The build is referenced by a comment in x86/mm/numa.c under init_memory_less_node()
"All zonelists will be built later in start_kernel() after per cpu areas are initialized"

build_zonelists() does the expected building based on SLIT distances.

> 
> > > > Linux will create a small amount of infrastructure to reflect them (more or
> > > > less the same as a memoryless node) and also they will appear in places
> > > > like access0 as a possible initiator of transactions.  It's small stuff,
> > > > but I'd rather the impact on legacy was zero.  
> > >
> > > I'm failing to see that small collision as fatal to the proposal. The
> > > HMAT parsing had a significant bug for multiple kernel releases and no
> > > one noticed. This quirk is minor in comparison.  
> >
> > True, there is a lag in HMAT adoption - though for ACPI tables, not that long
> > (only a couple of years :)
> >  
> > >  
> > > >
> > > > So my gut feeling here is we shouldn't reuse the generic initiator, but
> > > > should invent something new.  Would look similar to GI, but with a different
> > > > ID - to ensure legacy OS ignores it.  
> > >
> > > A new id introduces more problems than it solves.

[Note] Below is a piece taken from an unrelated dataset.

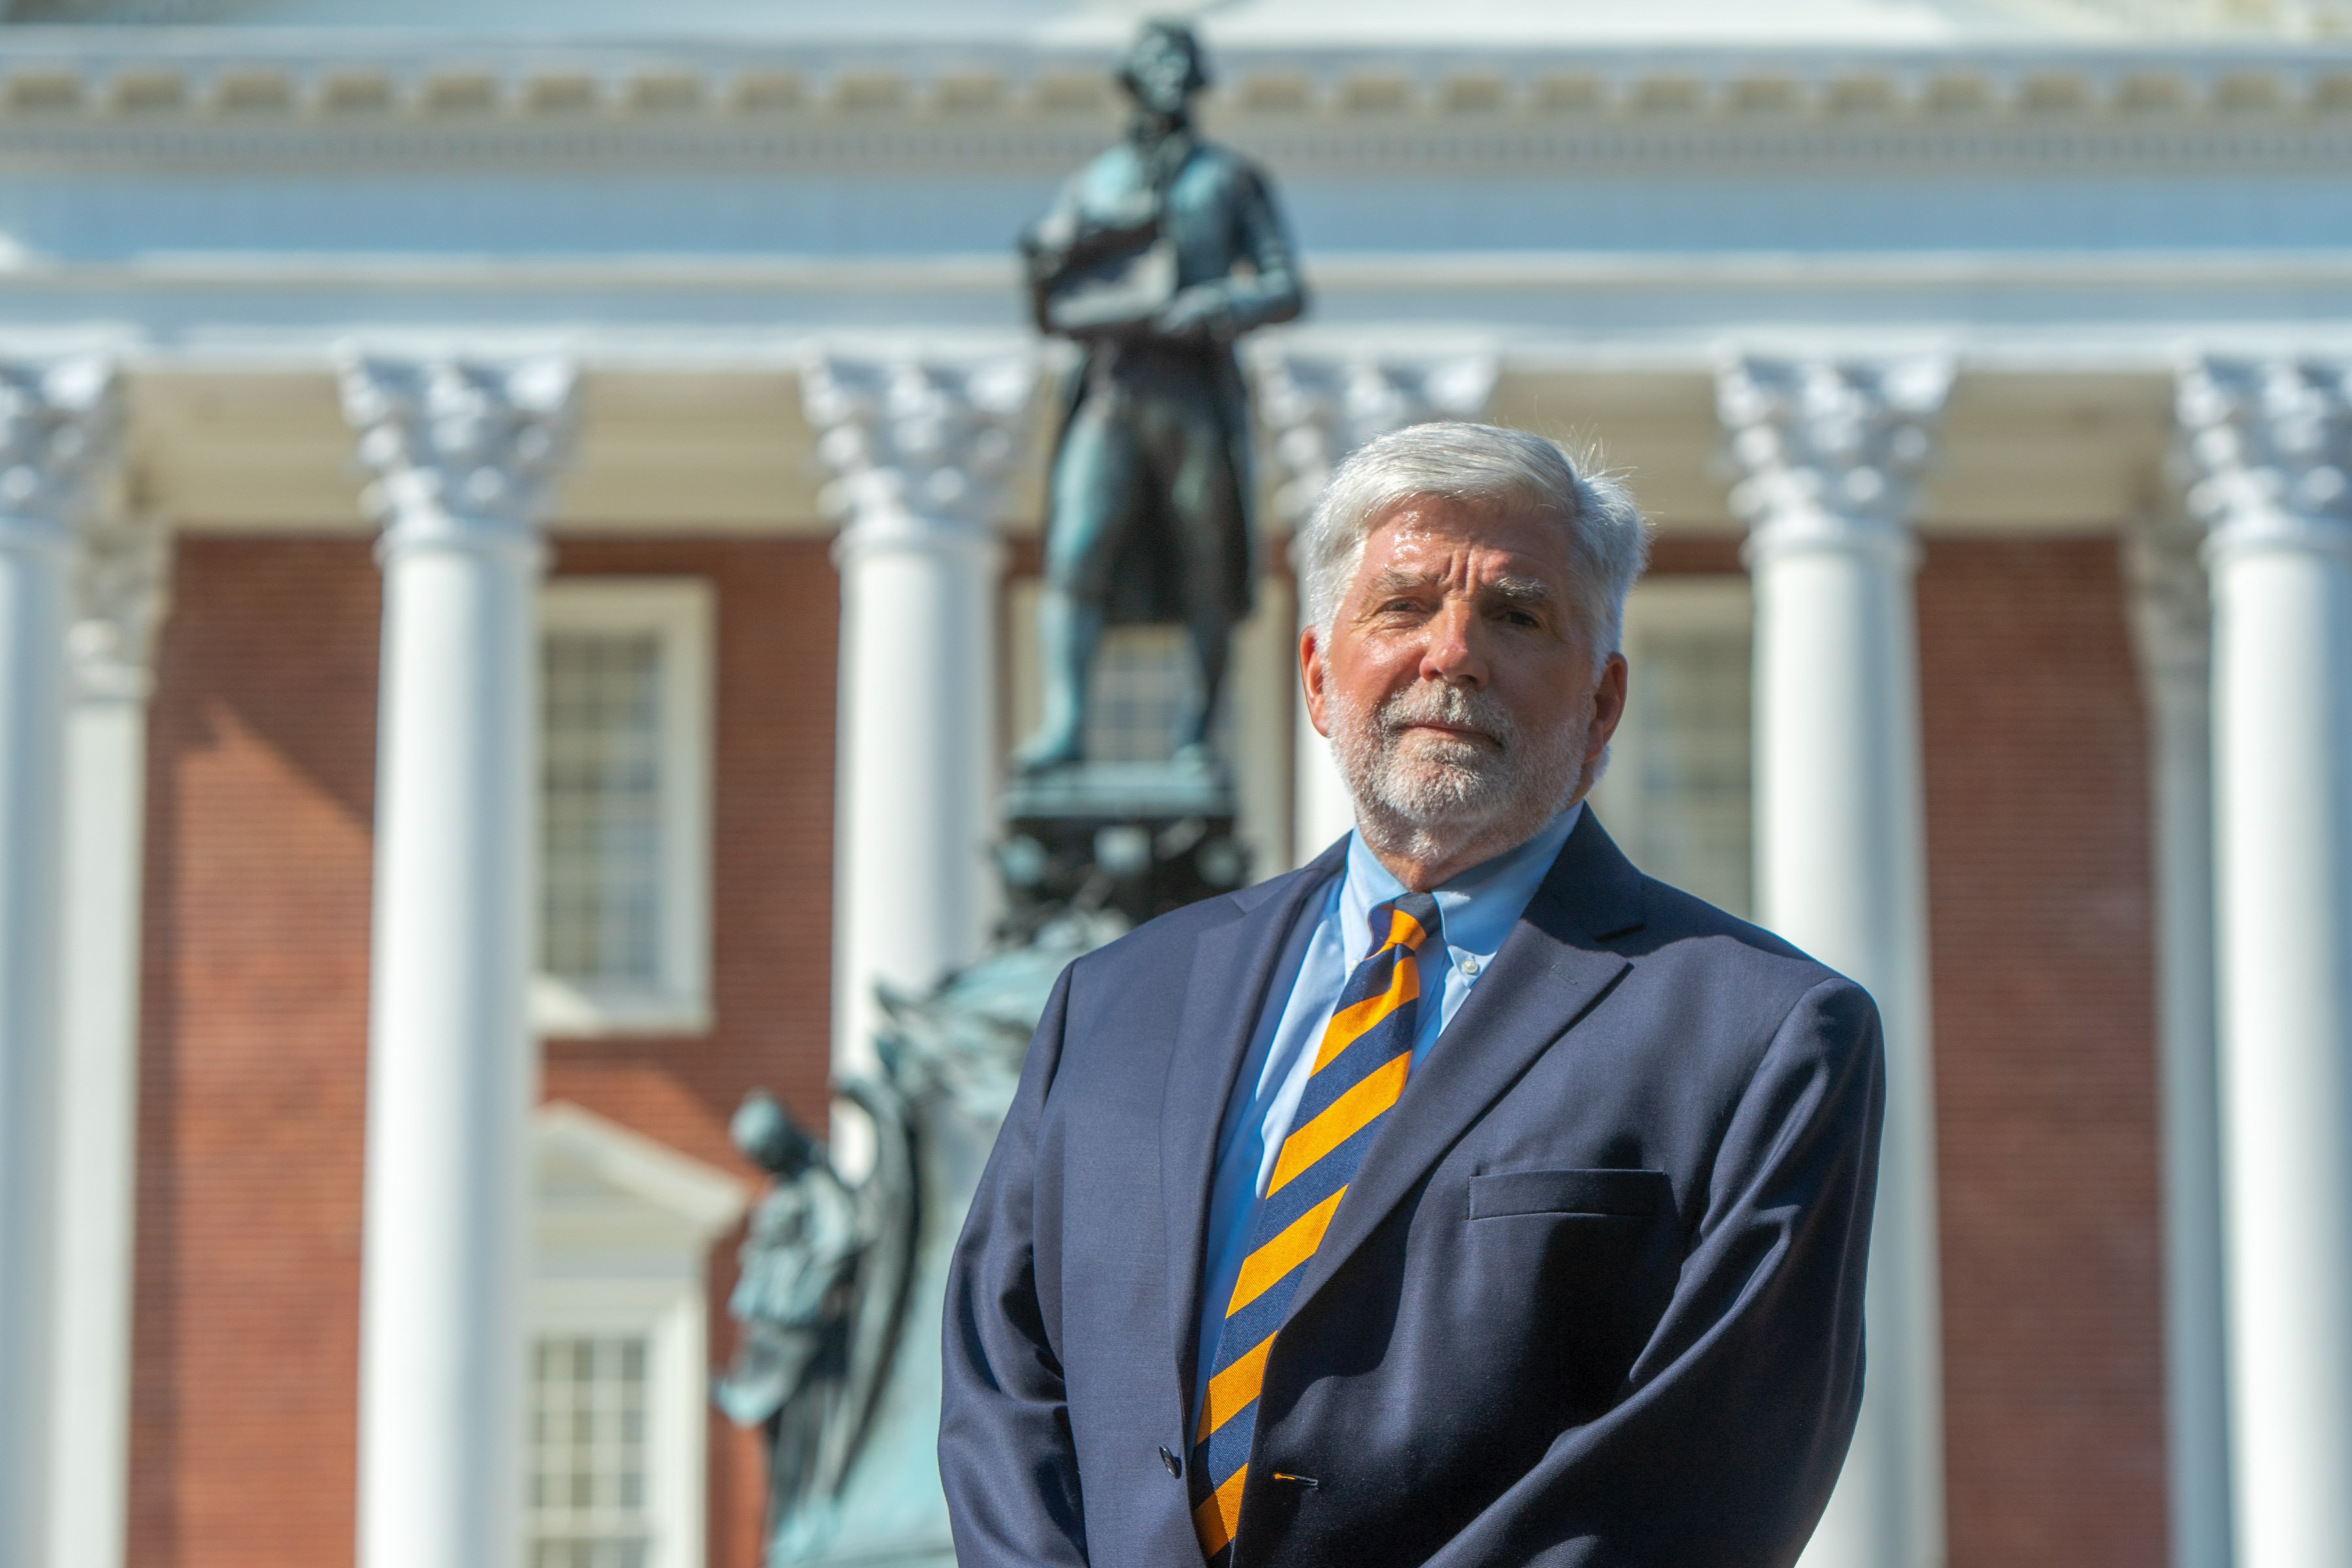 Bert Ellis, a white man wearing a suit and a tie in the blue and orange colors of the University of Virginia, stands in front of a statue of Thomas Jefferson.

Set aside the ACPICA
> > > thrash, it does not allow a clean identity mapping of a point in a
> > > system topology being both initiator and target. The SRAT does not
> > > need more data structures to convey this information. At most I would
> > > advocate for an OSC bit for the OS to opt into allowing this new usage
> > > in the HMAT, but that still feels like overkill absent a clear
> > > regression in legacy environments.  
> >
> > OSC for this case doesn't work. You can't necessarily evaluate it
> > early enough in the boot - in Linux the node setup is before AML parsing
> > comes up.  HMAT is evaluated a lot later, but SRAT is too early.  + in theory
> > another OS is allowed to evaluate HMAT before OSC is available.  
> 
> The Linux node setup for online memory is before OSC parsing, but
> there's nothing to "online" with a GI/GT entry. Also, if this was a
> problem, it would already be impacting the OS today because this
> proposal only changes HMAT, not SRAT.

It is not just changing HMAT - you've just redefined the meaning of a GI
which is an entry in SRAT.  So there may be impacts in early boot..
None of them are fatal as far as I can see, but they are undesirable
(in the sense that they are pointless for this new use).

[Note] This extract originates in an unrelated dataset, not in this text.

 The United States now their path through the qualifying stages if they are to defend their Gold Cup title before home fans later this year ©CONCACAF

> Lastly there *is* an OSC bit for
> GI, so either that's vestigial and needs to be removed, or OSC is
> relevant for this case.

No. The GI OSC bit has a very specific purpose and is absolutely necessary.

It's not about presenting GI in SRAT.  We can always present GI in SRAT
irrespective of whether the OS has a clue what it is because an OS is guaranteed
to not take any notice of entries it doesn't understand. (anything else is
just a bug). Note that in this proposal the issue is the OS 'thinks' it understands
the node, but is wrong...

The GI OSC is to allow DSDT _PXM entries to be modified (which are AML obviously
so can be modified based on _OSC).  Thus if we don't support GI we can move
the apparent location of the initiator to the best node of a type we do support.
(it also worked around Linux crashing if you supplied a _PXM for a proximity
 domain it didn't now about).

Similar case doesn't apply here because what we'd need to modify if the OS
didn't understand this new usecase would be static tables, not AML.

> 
> >  
> > > The fact that hardly anyone is
> > > using HMAT (as indicated by the bug I mentioned) gives me confidence
> > > that perfection is more "enemy of the good" than required here.  
> >
> > How about taking this another way
> >
> > 1) Assume that the costs of 'false' GI nodes on legacy system as a result
> >    of this is minor - so just live with it.  (probably true, but as ever
> >    need to confirm with other OS)
> >
> > 2) Try to remove the cost of pointless infrastructure on 'aware' kernels.
> >    Add a flag to the GI entry to say it's a bridge and not expected to,
> >    in of itself, represent an initiator or a target.
> >    In Linux we then don't create the node intrastructure etc or assign
> >    any devices to have the non existent NUMA node.
> >
> > The information is still there to combine with device info (CDAT) etc
> > and build what we eventually want in the way of a representation of
> > the topology that Linux can use.
> >
> > Now we just have the 'small' problem of figuring out how actually implement
> > hotplugging of NUMA nodes.  
> 
> I think it's tiny. Just pad the "possible" nodes past what SRAT enumerates.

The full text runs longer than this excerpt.